▶ [Exercise requirements]:
Keep the images out while you set down the data exactly.

---- Data for the task

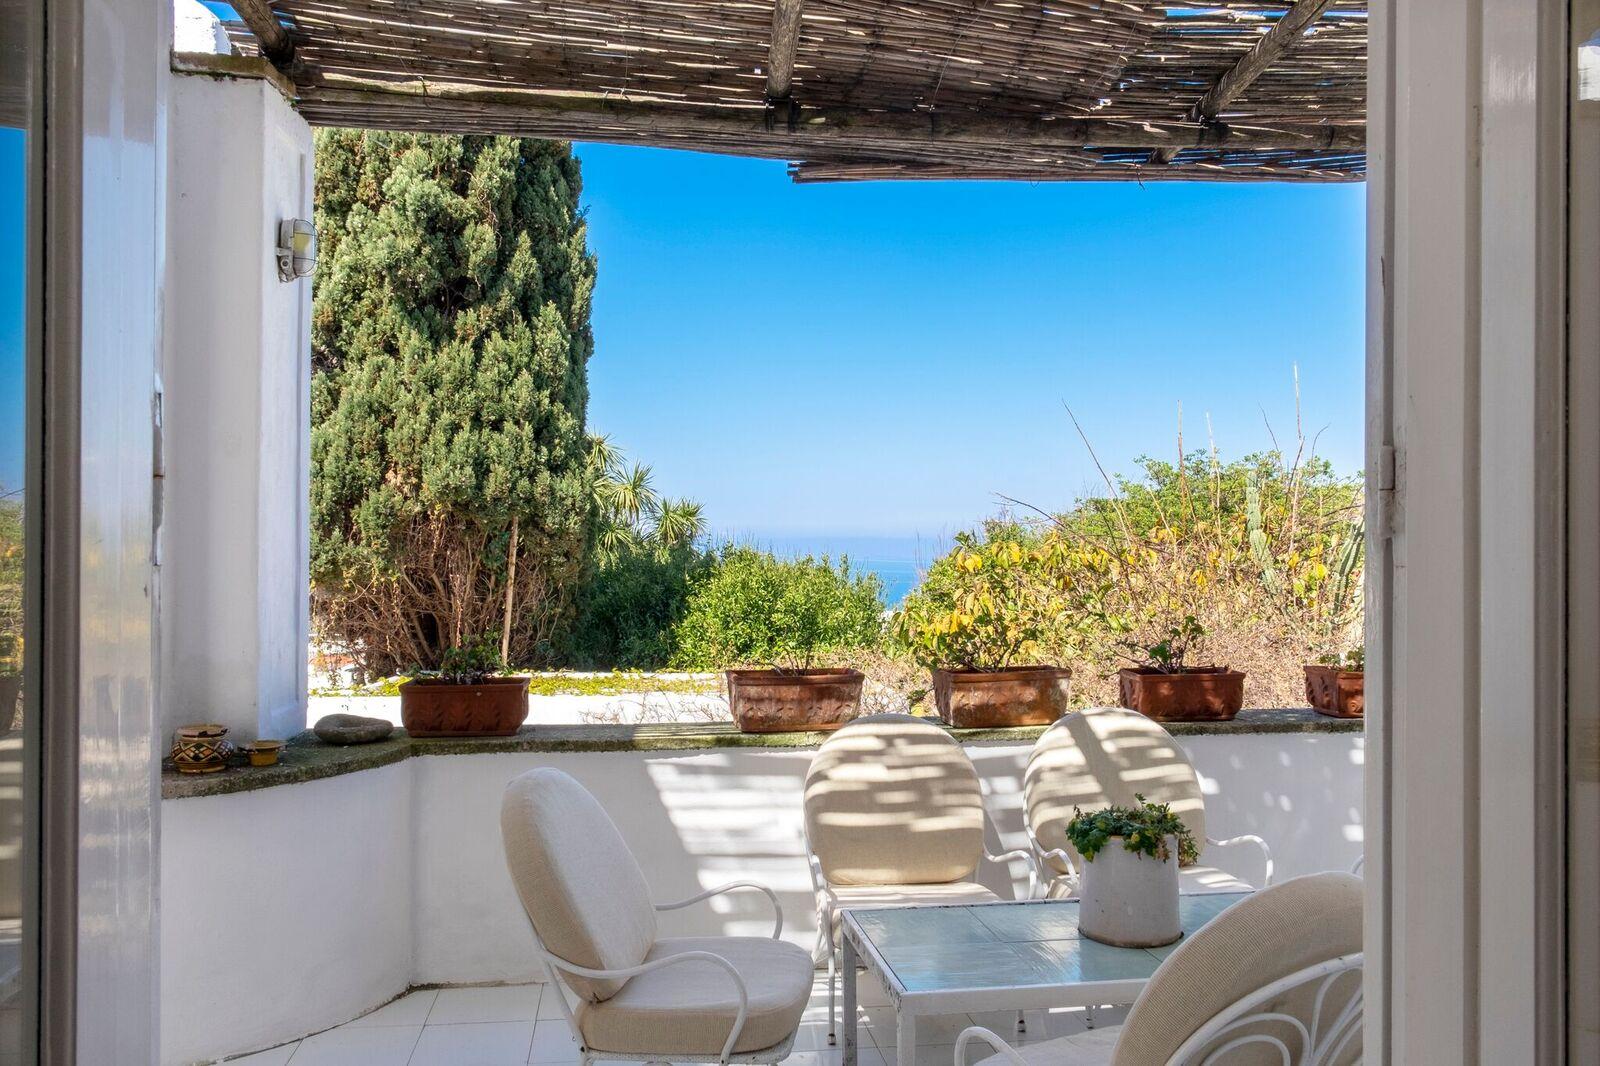 La casa di Mme Colette a Capri, terrazzo / Italy Sothebys International Realty
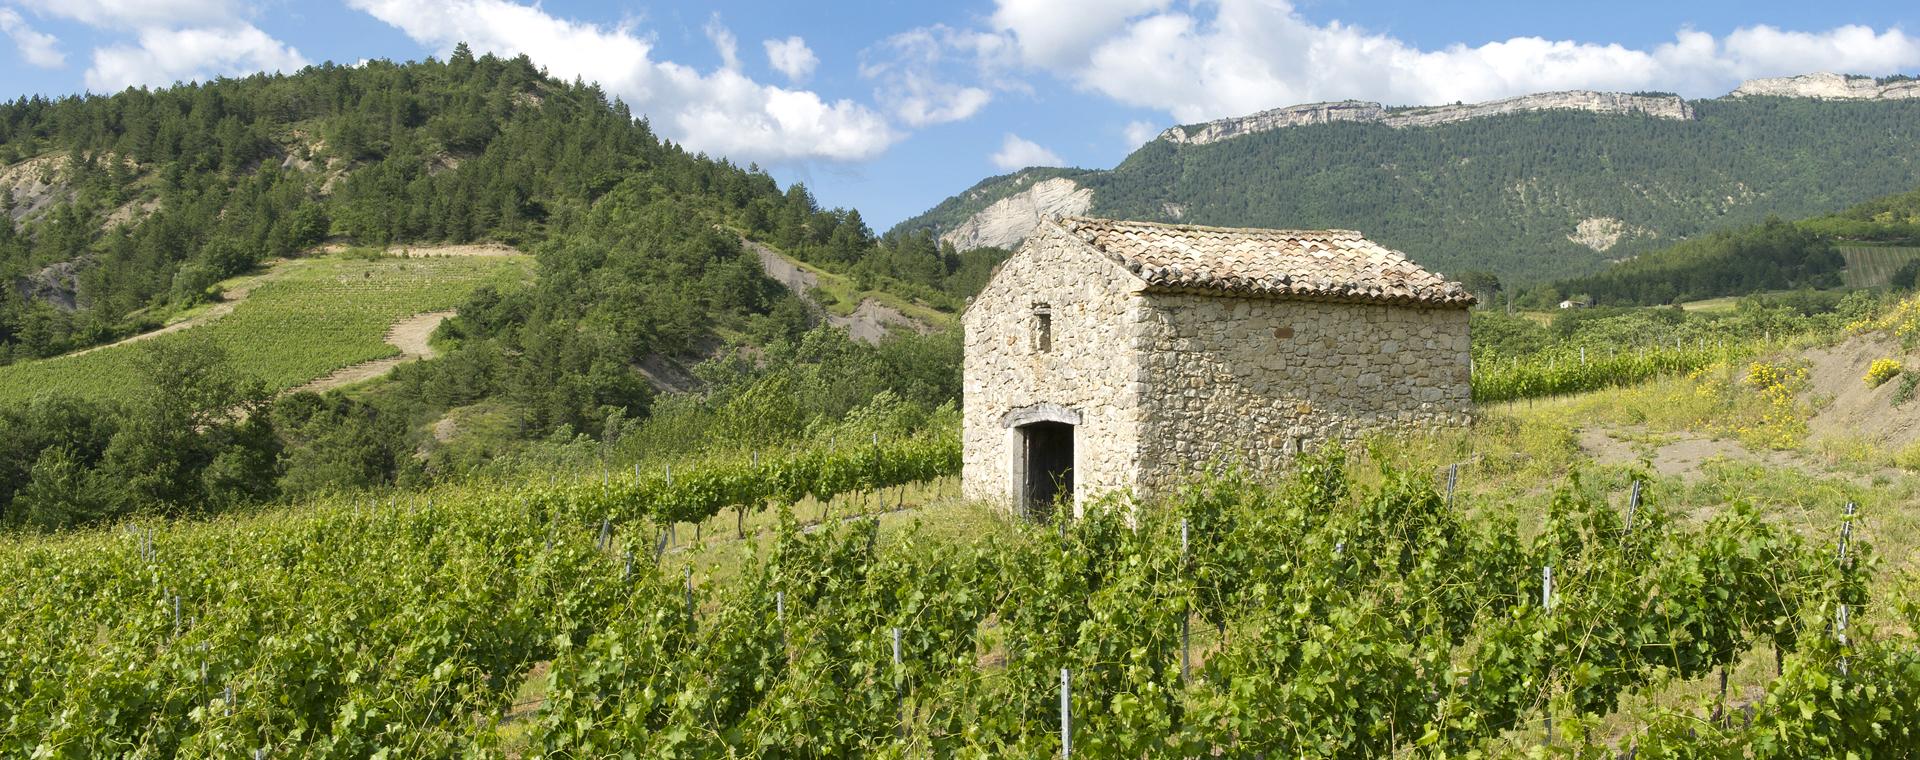 Voyage à pied France : Retrouvance® : vallée de la Roanne
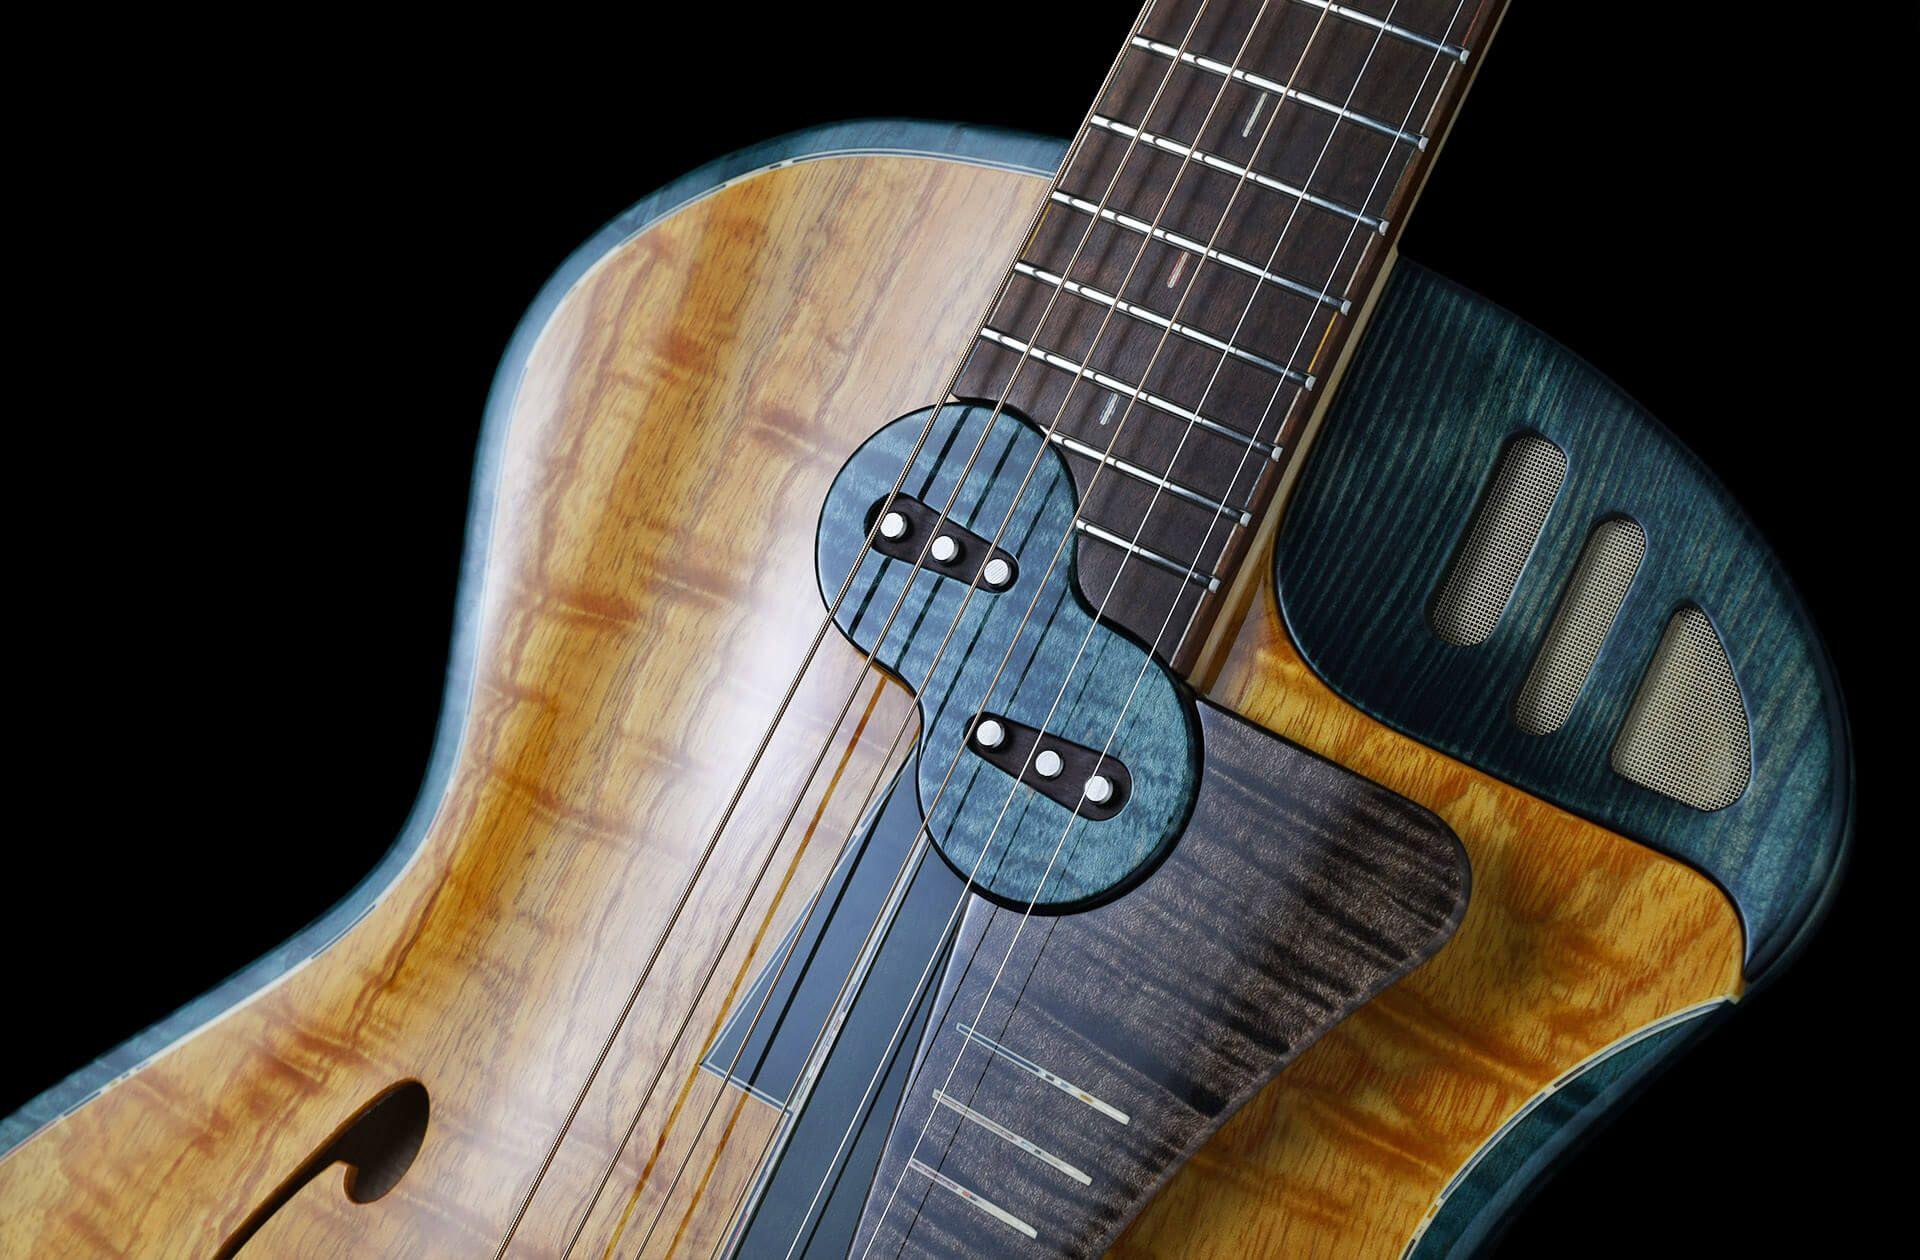 Jghg Takutack Guitar Guitar Design Custom Guitars
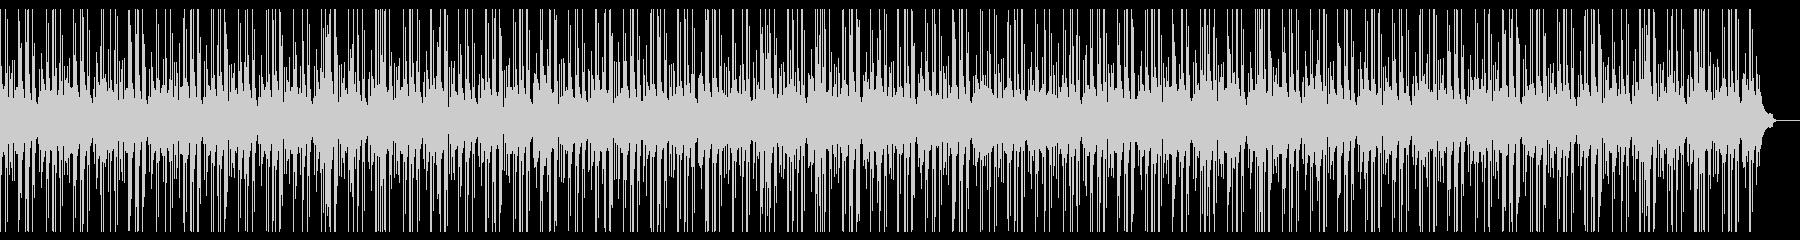 大人っぽい雰囲気の正統派ピアノBGMの未再生の波形
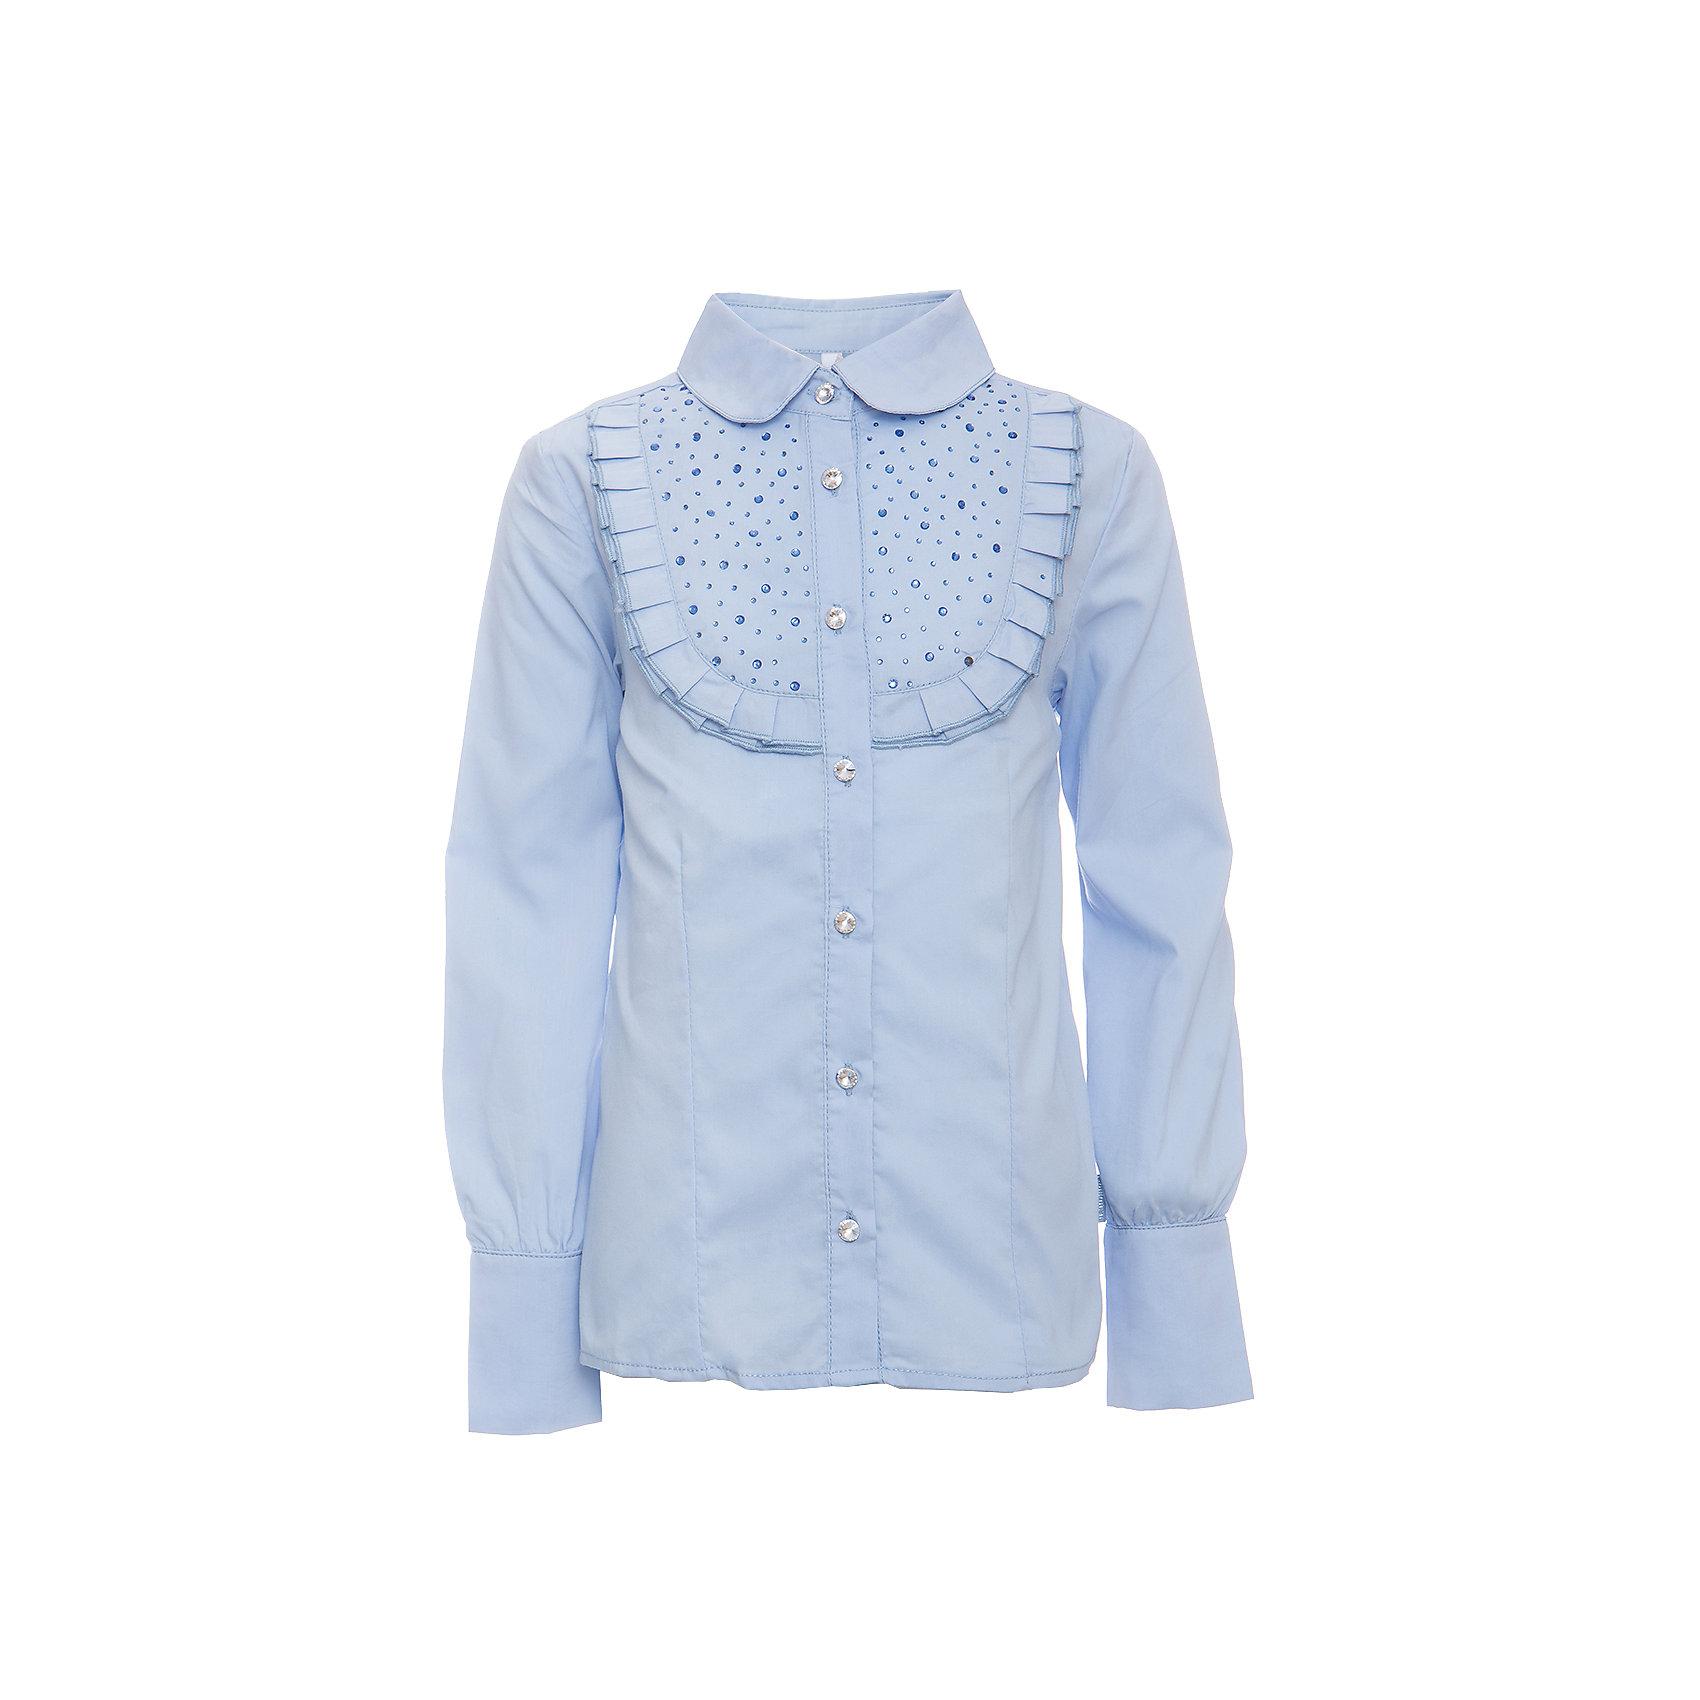 Блузка для девочки LuminosoБлузки и рубашки<br>Характеристики товара:<br><br>• цвет: голубой;<br>• состав: 65% хлопок, 32% полиэстер, 3% эластан;<br>• сезон: демисезон;<br>• особенности: школьная, с рюшами;<br>• застежка: пуговицы;<br>• с длинным рукавом;<br>• декорирована рюшами и стразами;<br>• манжеты рукавов на двух пуговицах;<br>• страна бренда: Россия;<br>• страна производства: Китай.<br><br>Школьная блузка с длинным рукавом для девочки. Голубая блузка приталенного кроя. Декорированна рюшами и стразами в тон изделию. Застегивается на пуговки, манжеты рукавов на двух пуговицах.<br><br>Блузка для девочки Luminoso (Люминосо) можно купить в нашем интернет-магазине.<br><br>Ширина мм: 186<br>Глубина мм: 87<br>Высота мм: 198<br>Вес г: 197<br>Цвет: голубой<br>Возраст от месяцев: 120<br>Возраст до месяцев: 132<br>Пол: Женский<br>Возраст: Детский<br>Размер: 146,122,128,134,140,152,158,164<br>SKU: 6672029

--------

▶ [Result for this task]:
 La casa di Mme Colette a Capri, terrazzo / Italy Sothebys International Realty
 Voyage à pied France : Retrouvance® : vallée de la Roanne
 Jghg Takutack Guitar Guitar Design Custom Guitars
 大人っぽい雰囲気の正統派ピアノBGMの未再生の波形
 Блузка для девочки LuminosoБлузки и рубашки<br>Характеристики товара:<br><br>• цвет: голубой;<br>• состав: 65% хлопок, 32% полиэстер, 3% эластан;<br>• сезон: демисезон;<br>• особенности: школьная, с рюшами;<br>• застежка: пуговицы;<br>• с длинным рукавом;<br>• декорирована рюшами и стразами;<br>• манжеты рукавов на двух пуговицах;<br>• страна бренда: Россия;<br>• страна производства: Китай.<br><br>Школьная блузка с длинным рукавом для девочки. Голубая блузка приталенного кроя. Декорированна рюшами и стразами в тон изделию. Застегивается на пуговки, манжеты рукавов на двух пуговицах.<br><br>Блузка для девочки Luminoso (Люминосо) можно купить в нашем интернет-магазине.<br><br>Ширина мм: 186<br>Глубина мм: 87<br>Высота мм: 198<br>Вес г: 197<br>Цвет: голубой<br>Возраст от месяцев: 120<br>Возраст до месяцев: 132<br>Пол: Женский<br>Возраст: Детский<br>Размер: 146,122,128,134,140,152,158,164<br>SKU: 6672029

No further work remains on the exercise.